With your trust, support and coaching, your child can find ways to overcome any challenge and will develop valuable STRENGTHs as a result. After all, bravery and courage only show up when a person feels afraid and acts anyway. The same actions taken without fear may be noble, heroic, or even just normal, like turning on a light in a dark room. When a frightened child does it, it's brave. When you do it, it's normal. Watching for hidden STRENGTHs and pointing them out will build your child's confidence and yours, in little moments and big.

For example, at age 4 one child I know witnessed a violent attack on her mother at night where the attacker seemed to come out of nowhere. Afterwards, one of the changes I saw in her was that she became easily spooked by unexpected noises, first just at night, but then also during the day.

While a heightened awareness of sounds is actually a brilliant self-protective response for staying safe in the dark, the child didn't see it that way. She felt frightened and vulnerable day and night until I pointed it out as the STRENGTH "danger-spotter" and took her for an afternoon walk in the woods to practice "danger-spotting." She immediately turned our walk into a fantasy adventure where she spotted all kinds of scary things like "wolves" (dogs barking), "pterodactyls" (birds cawing), and even a "jaguar" (leaves rustling). As a danger-spotter, she felt empowered and brave instead of helpless. The shift was immediate, lasting and a good first step. 

In extreme cases like the trauma experienced by this little girl or tragedies like the one in Nice, France, professionals can do even more. While finding hidden STRENGTHs can help a great deal, in the aftermath of a tragedy or traumatic moment, I would advise you to watch for sudden behavior or "personality" changes in your child or yourself and seek professional support as soon as possible if they appear.

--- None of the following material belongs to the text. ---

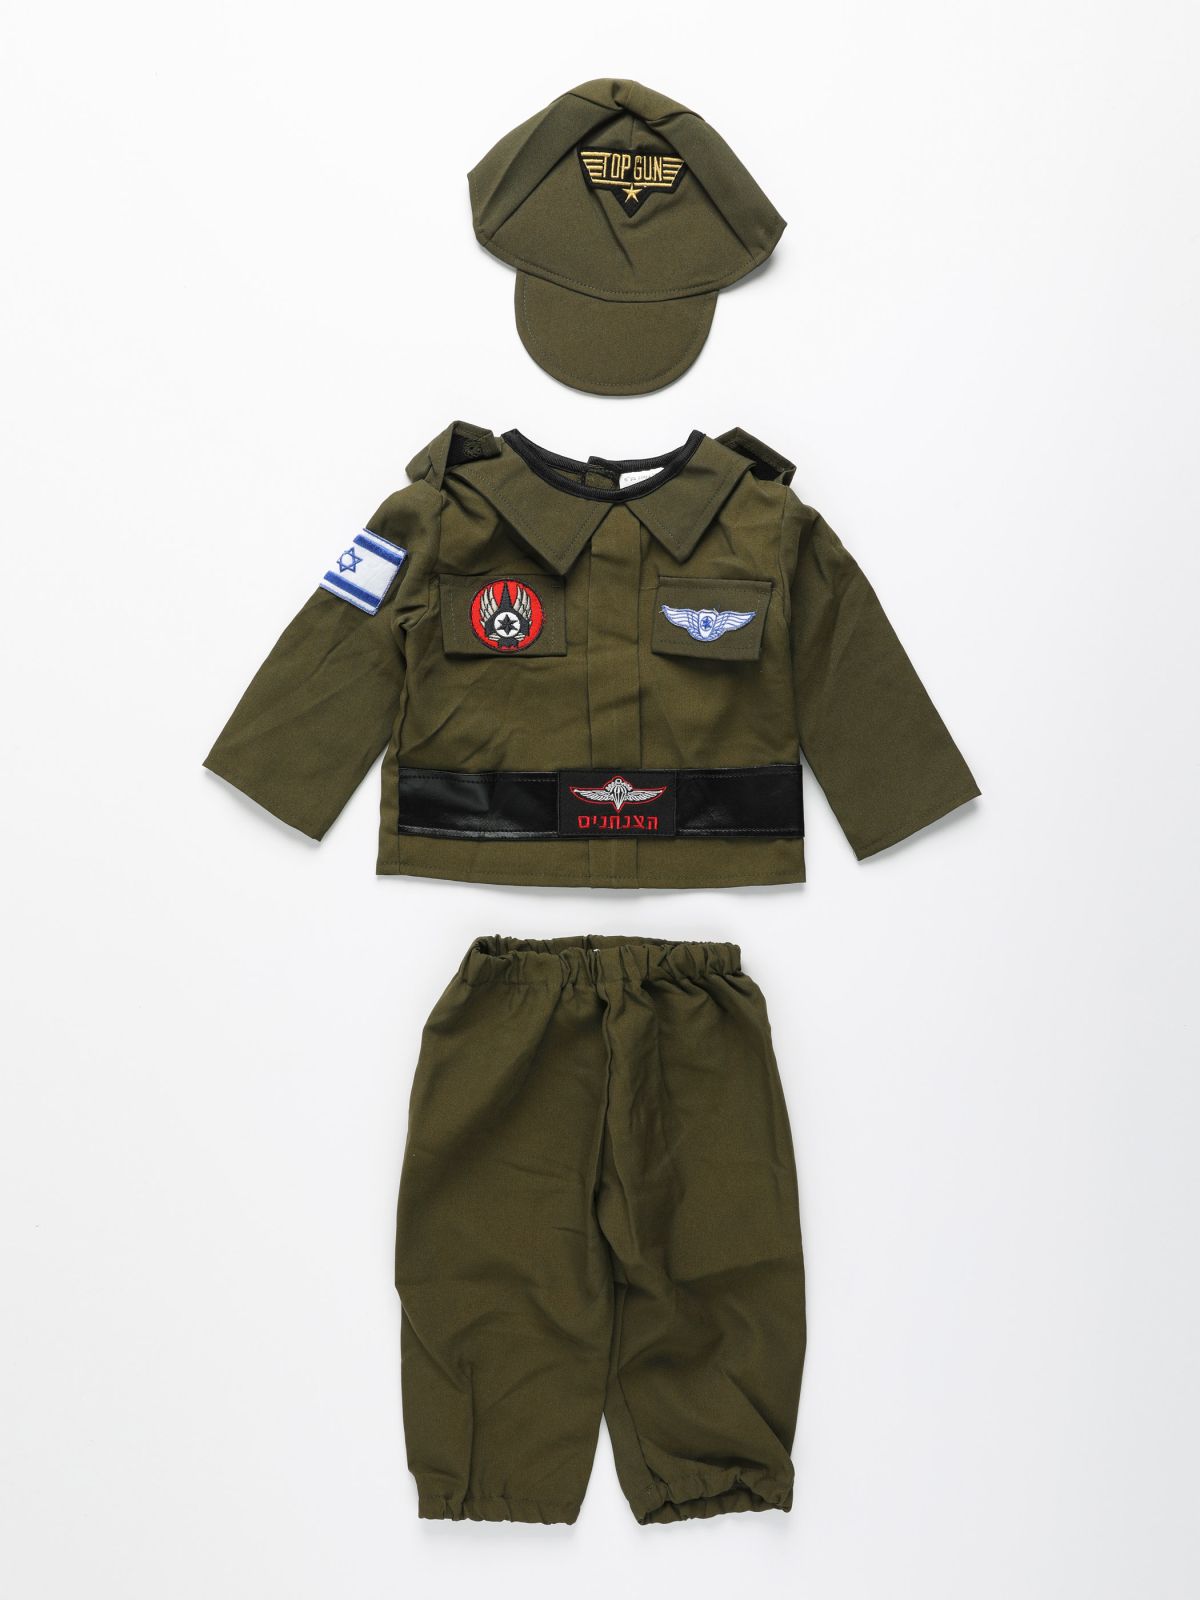  תחפושת חייל לתינוקות / Purim collection של SHOSHI ZOHAR

These are my top recommendations:

  • Child Parent Relationship Therapy (CPRT) (course) - I am co-author of the CPRT Treatment Manual with Drs. Bratton, Landreth and Kellam. We designed the manual for social workers, counselors and therapists to use to teach parents to be therapeutic agents for their own children (filial therapy). The 10-session course serves two purposes - it teaches parents the skills they need to create therapeutic "special playtimes" with their own children and provides a group therapy experience for the parents themselves. If a play therapist in your area does not offer this course, ask for a referral to someone who does.
  • The Parent Survival Guide (book) - If CPRT is not available in your area, Dr. Kellam's companion book written for parents is a self-help version of the CPRT course.
  • Language of Listening® Mastery Class - This course is similar to CPRT but focuses on providing mastery of our three simple coaching skills in power playtimes with your child. We will be moving this class online to make it easier for you to participate. Watch our newsletter for updates!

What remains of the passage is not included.